Fig. 4. Differentially expressed genes, enrichments, and gene regulatory networks for cross-modal cell clusters.

a The gene expression levels across all 3654 cells for Top 10 differential expressed genes (DEGs) of each cross-modal cell cluster in the mouse visual cortex. The cell clusters were identified by the gaussian mixture model (Methods). The expression levels are normalized (Methods). b The select enriched biological functions and pathways of DEGs (GO and KEGG terms with adjusted p value <0.05) and representative electrophysiological features (adjusted p value <0.05) in Cluster 1 of the mouse visual cortex. c Gene regulatory networks that link transcription factors (TFs, cyan) to target genes (Orange) in Cluster 1 of the mouse visual cortex.

Fig. 5. Association and prediction of electrophysiological features from gene expression.

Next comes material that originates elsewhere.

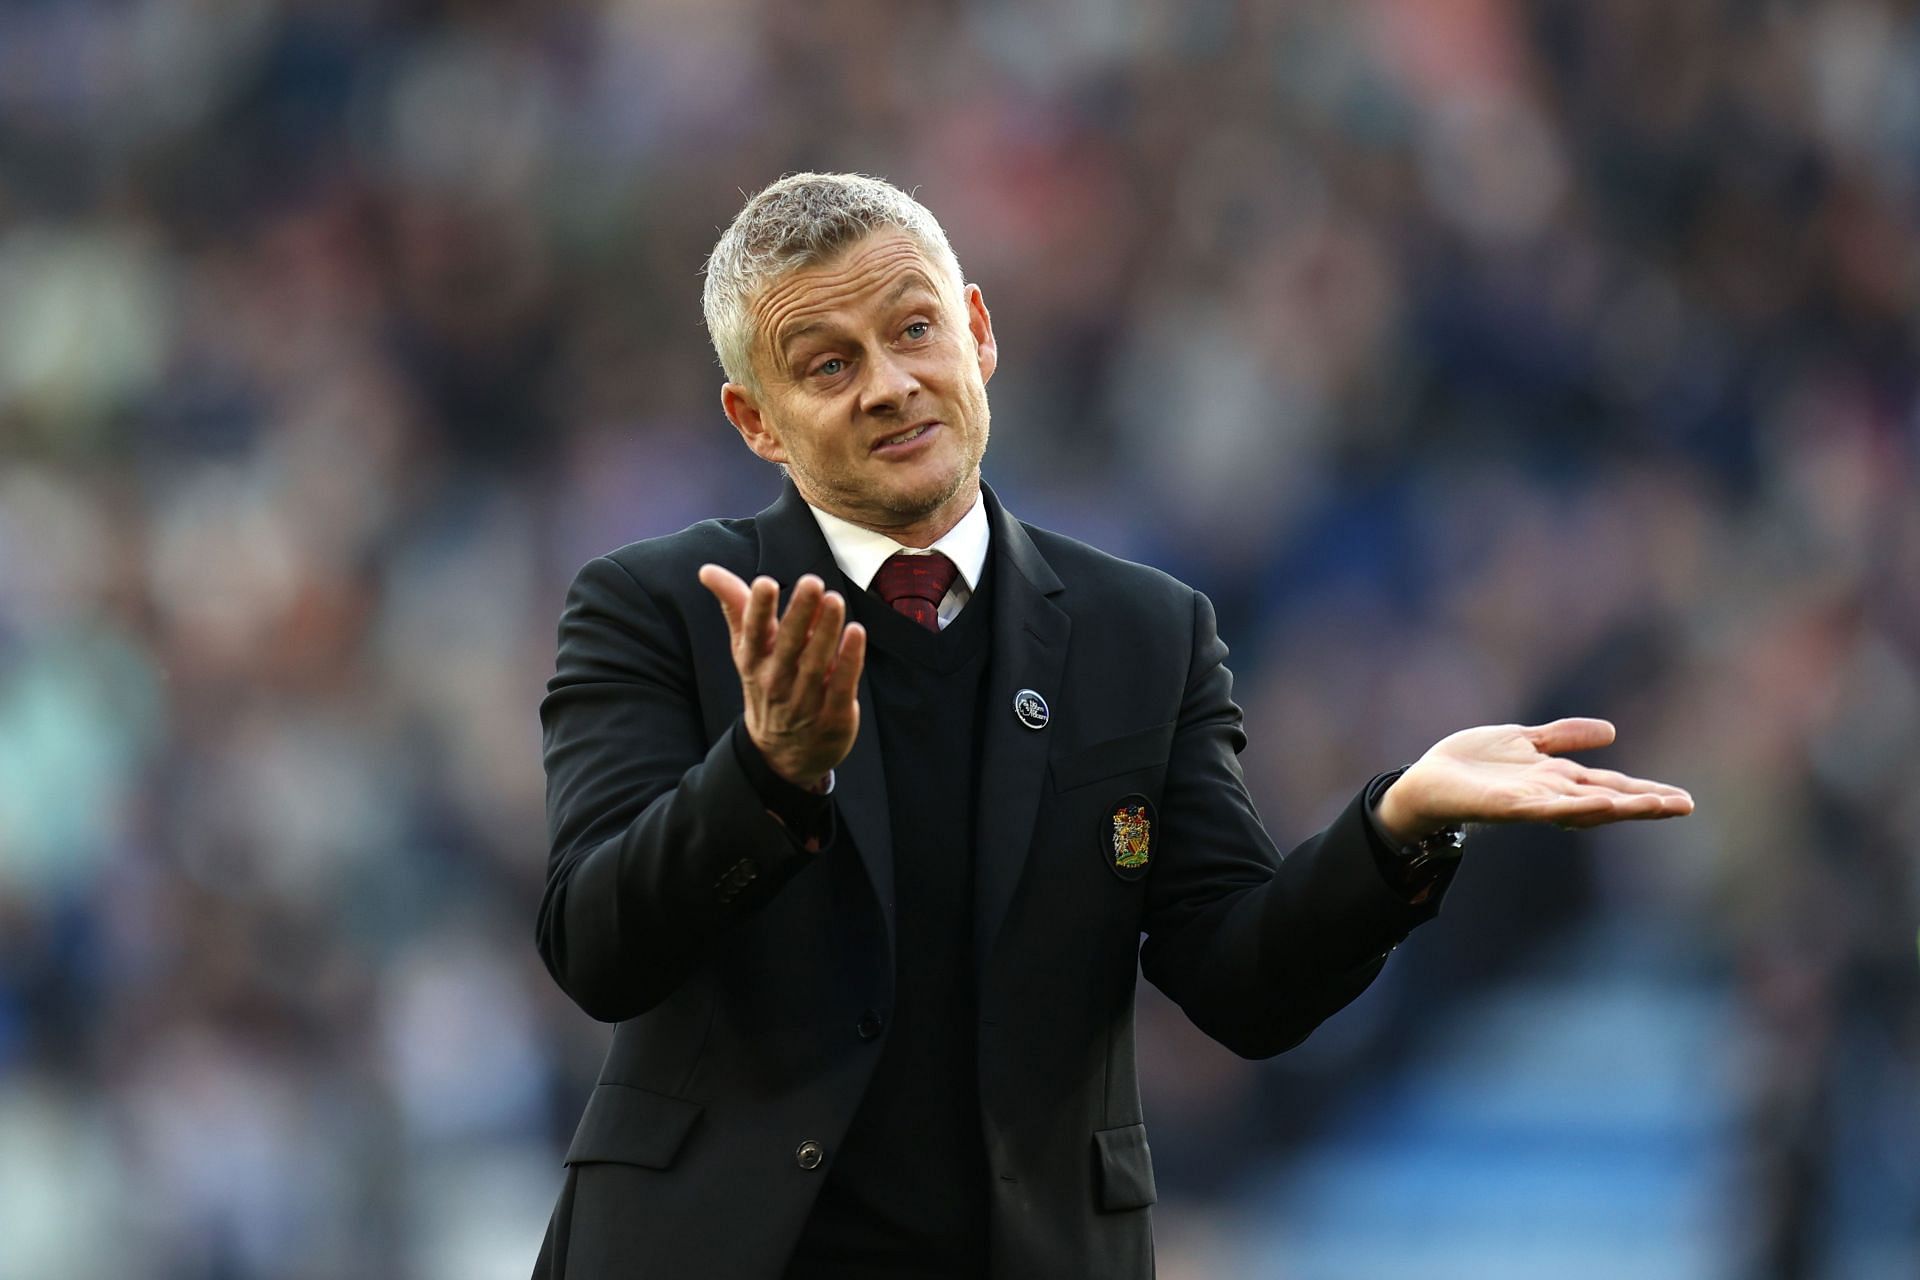 Former Manchester United manager Ole reportedly ignored advice from his coaching staff.

a Bibiplots for the mouse visual cortex using the NMA’s latent spaces (first three components used). Cells are dots (n = 3654). Transcriptomic and electrophysiological latent spaces are shown as columns. Each biplot shows the subspace of two components. Cells are colored by their cross-modal clusters. The line length of a gene or electrophysiological feature (i.e., radius) corresponds to its correlation with the latent space with max value = 1. The genes and electrophysiological features with correlations >0.6 are shown here. The label positions are slightly adjusted to avoid overlapping. b Similar to (a) but for the mouse motor cortex (n = 1208). c The representative electrophysiological features in the cross-modal clusters with testing $R^2$ > 0.5 (90% training set, 10% testing set, see Methods). d The predicted values by gene expression (x-axis) vs. the observed values (y-axis) of the upstroke downstroke ratio ($R^2=0.805$) in the visual cortex and the action potential width ($R^2=0.800$) in the mouse motor cortex.